Lost Soul

Your editor got to Drive-By Truckers’ last album Go Go Boots late but first time through I fell hard for “Everybody Needs Love.” It took me South to a forever young place. And the journey’s just started because “Everybody Needs Love” is a cover of a song by the great lost soul singer/songwriter/guitar player Eddie Hinton. I recalled that name from credits on the back of beloved Percy Sledge records from the 60s, but I really didn’t have a clue. Patterson Hood schooled me in Go Go Boots’ liner notes. Thanks to him for allowing First to reprint his Boots‘ tribute to Eddie Hinton here. (Now if he’ll just dub me a copy of Hinton’s Letters From Mississippi.)

I can still remember Eddie Hinton coming over to our house when I was a small child. He was my Dad’s friend and they played together on some really cool records. As a kid I remember him being more attentive to a small child than most of Dad’s co-workers. Later on he was known to be very troubled and spent a good part of his later years in and out of institutions and such, but I was never around him then. I did get to see him play once in the 80s in a small bar in Sheffield, Alabama called Calico’s. It was a great show.

Legend has it that when Bob Dylan came to Muscle Shoals to record for the first time (summer 1973), playing on Donnie Fritts’ first album Prone to Lean, he spent most of his time sitting under a tree conversing with Eddie Hinton. Eddie was brilliant on so many levels and it figures Mr. Zimmerman would be drawn to him.

Eddie made a brilliant album with a man named Jim Coleman that was never released during his lifetime. They say it broke his heart and he was never the same after that. Later on he made Very Extremely Dangerous which is a certifiable masterpiece. Unfortunately it was released on Capricorn Records right before they went belly up so almost no-one ever got to hear it. (It’s well worth seeking out though if you can possibly find it.) After that Eddie was in and out of mental hospitals and at one point was homeless, living in a park in Decatur, Alabama. During this period he had an infamous run-in involving a big stick and Disney actor Dean Jones. Eddie was troubled.

Once Eddie and Donnie Fritts wrote a brilliant song called “Where’s Eddie”. The psychology of Eddie writing this song from a woman’s perspective, sorry that she had done Eddie wrong and wishing she could find him and make it up to him says more about Eddie than any shrink’s perspective. The fact they wrote the song up in a tree as the sun was rising (I’ll bet on a Sunday morning) says even more. Lulu recorded the song in 1969 for Atlantic Records and we cover it on this album.

Later on our friend Dick Cooper helped Eddie record and release an album called Letters From Mississippi, which includes the song “Everybody Needs Love.” Eddie was a triple threat, an amazing songwriter, brilliant guitarist and blessed with one of the greatest “soul singer” voices I’ve ever heard. I know what heartbreak feels like and Eddie’s voice is what it sounds like.
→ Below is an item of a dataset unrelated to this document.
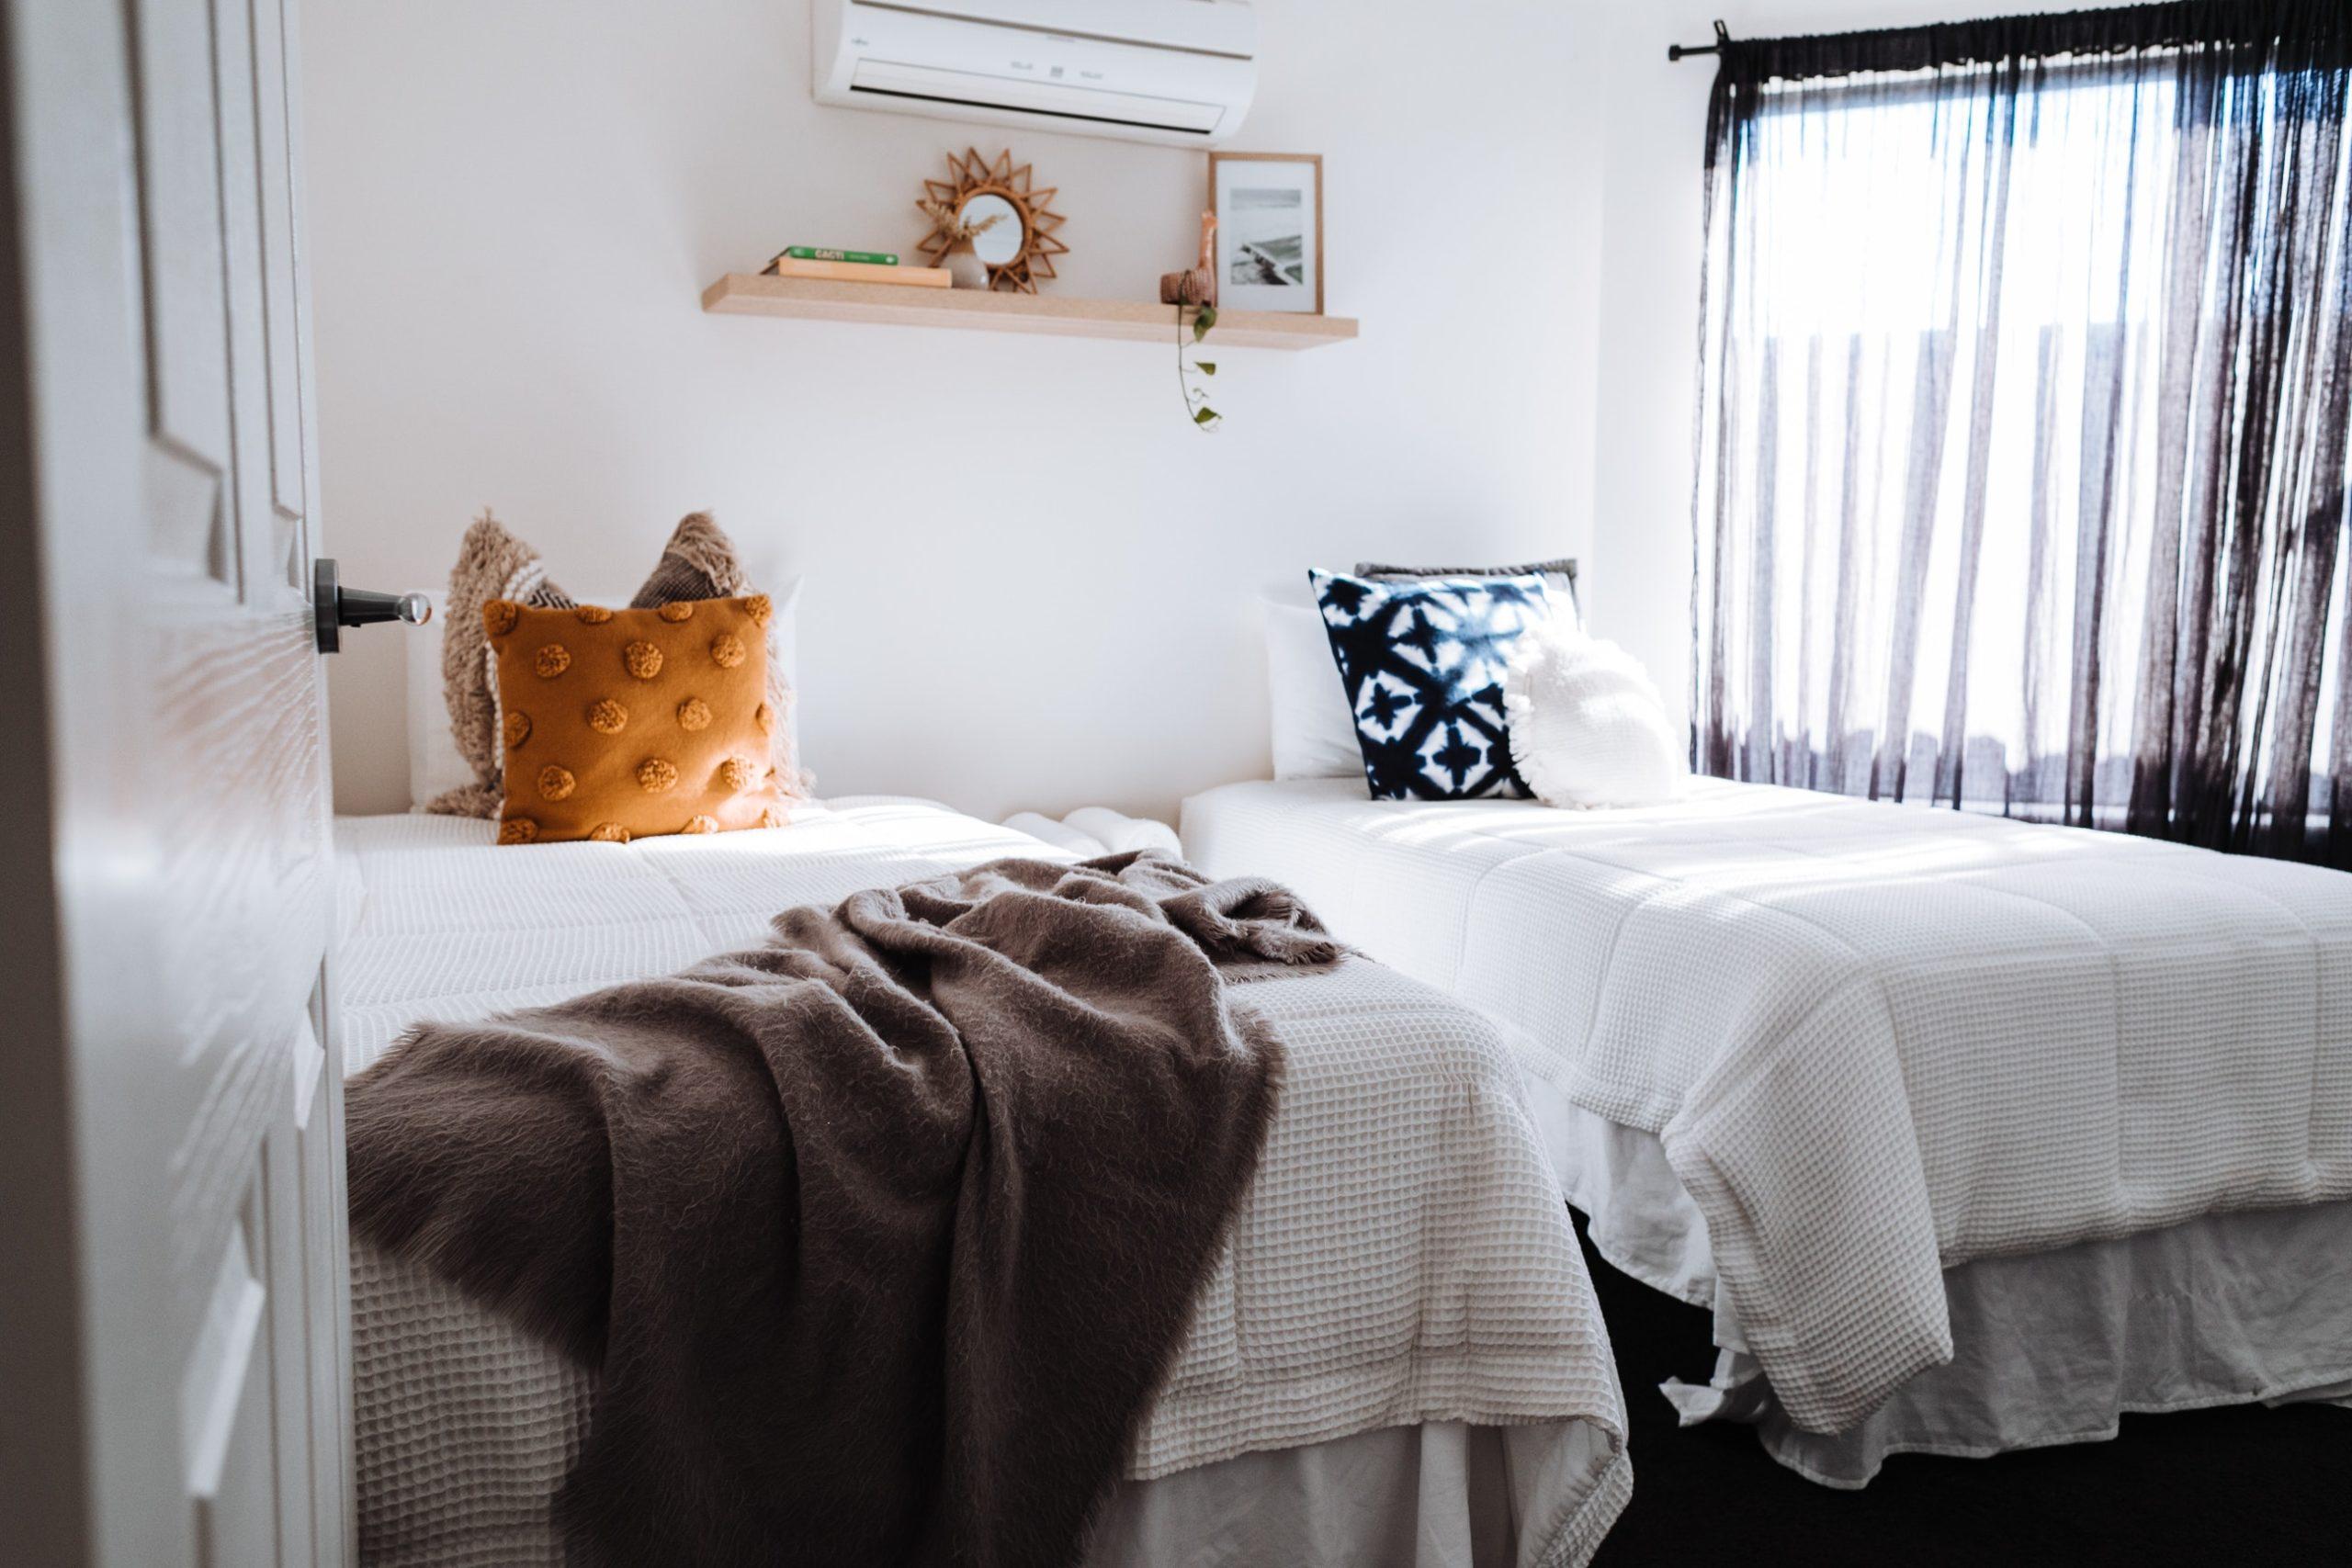 zwei Luftbetten in einem Hotelzimmer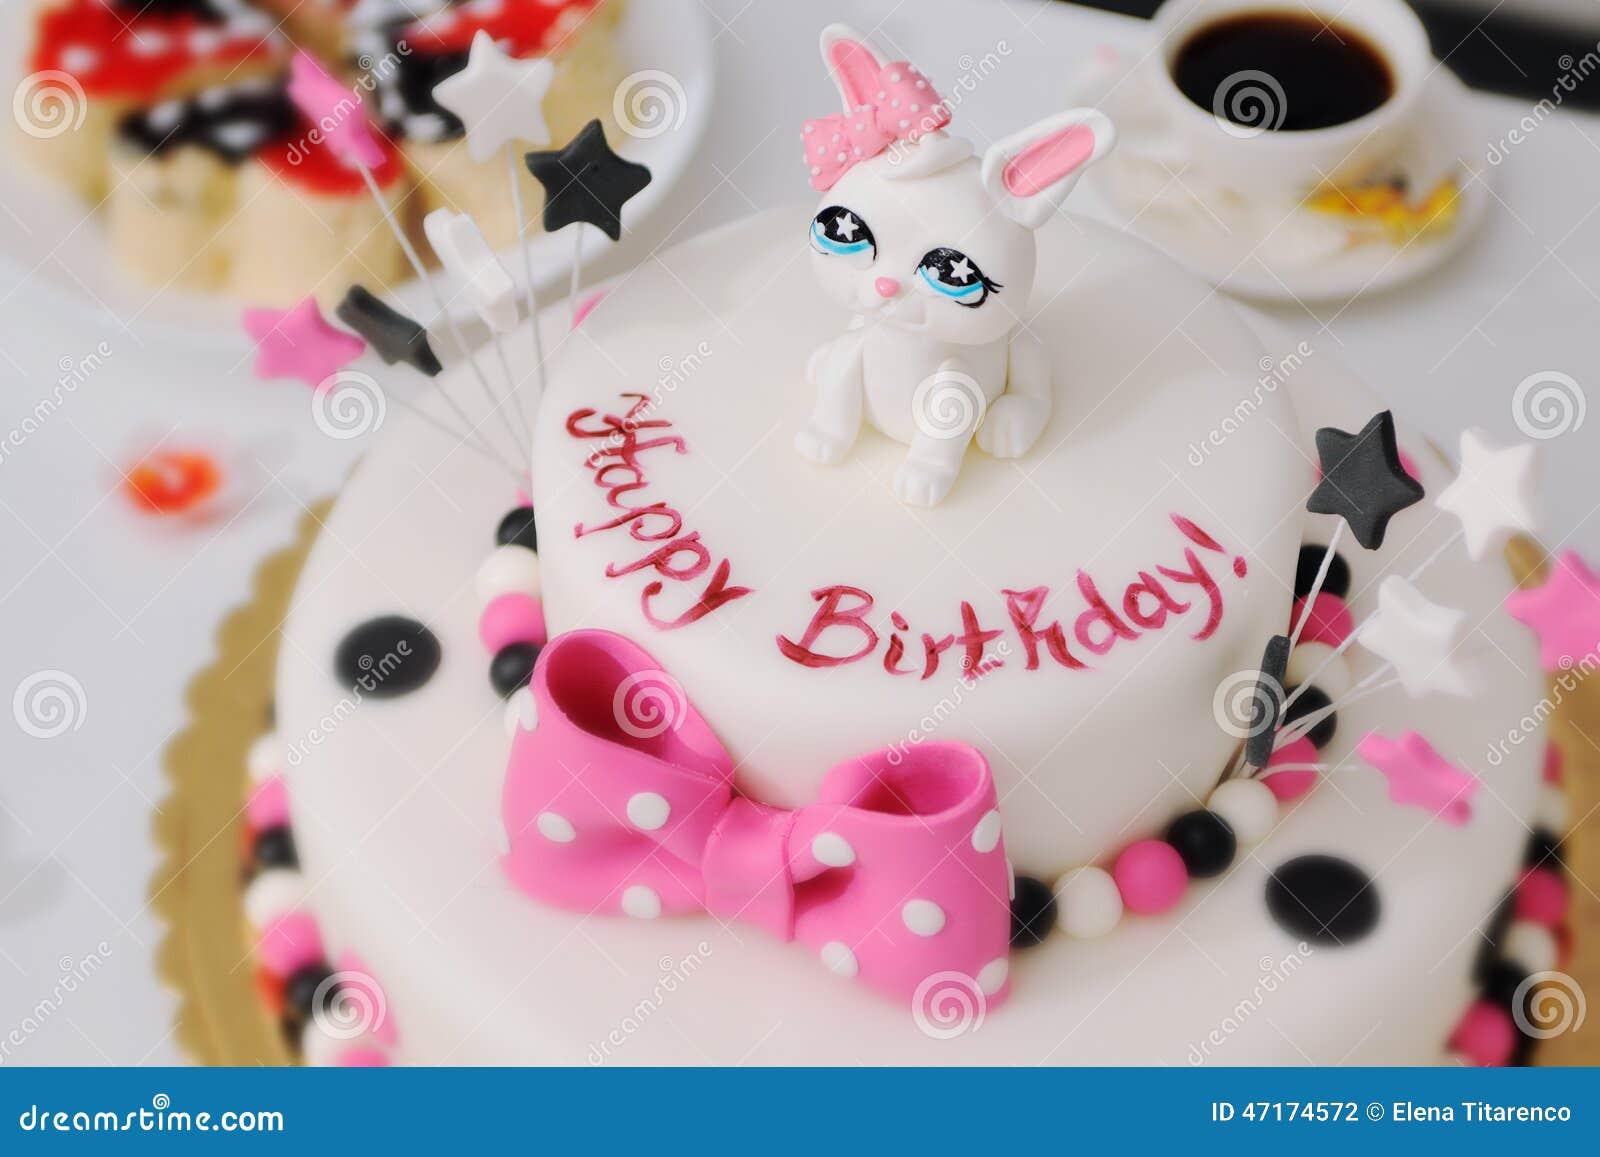 Buon Compleanno Fotografia Stock Immagine Di Decorato

Eddie passed away living at his mama’s house in Birmingham, Alabama in July of 1995. I wrote a song about him right after that. “Sandwiches for the Road” was the last song on our first album and anyone who has ever been to see us live has heard Eddie Hinton’s music playing over the PA system before our performances. A small record label in England has put out a series of posthumous releases called The Songwriters Sessions, (Dear Ya’ll, Playin’ Around, and Beautiful Dream) which are the finest examples of his artistry and more than worth the effort to track down if you love incredible country soul music (www.zanemusic.com).

Last year we were asked to contribute a couple of Eddie Hinton covers for a series of singles commemorating his work. A great record store in Cincinnati, Ohio called Shake It Records put the series out and we were honored to be a part of it. We grew so attached to the results that we decided to include them on this album. (A Great Thank You to Darren Blase for everything.)

Eddie can be heard playing guitar on Boz Scaggs’ immortal debut album and is the un-credited lead player on The Staple Singers’ “I’ll Take You There.” He co-wrote “Breakfast in Bed” which was a big hit for Dusty Springfield and later for UB40 (with Chrissie Hynde). His songs have also been covered by Percy Sledge, Aretha Franklin, Bobby Womack, Tony Joe White and The Box Tops.

 

Editor’s Note: Drive-By Truckers’ buddy Dick Cooper wrote his own testament to Eddie Hinton back in 2000 http://swampland.com/articles/view/title:remembering_eddie_hinton. One anecdote from that:

“Wayne Perkins, a Birmingham guitarist with the Rolling Stones, Bob Marley [Perkins did the lead on “Concrete Jungle”], and Albert King among his credits, was a teenage guitar slinger when he first arrived in Muscle Shoals and got a chance to show Eddie his stuff.

After watching Wayne playing blazing rock guitar lead after lead, Eddie told him, “I’ll always play one note better than you.”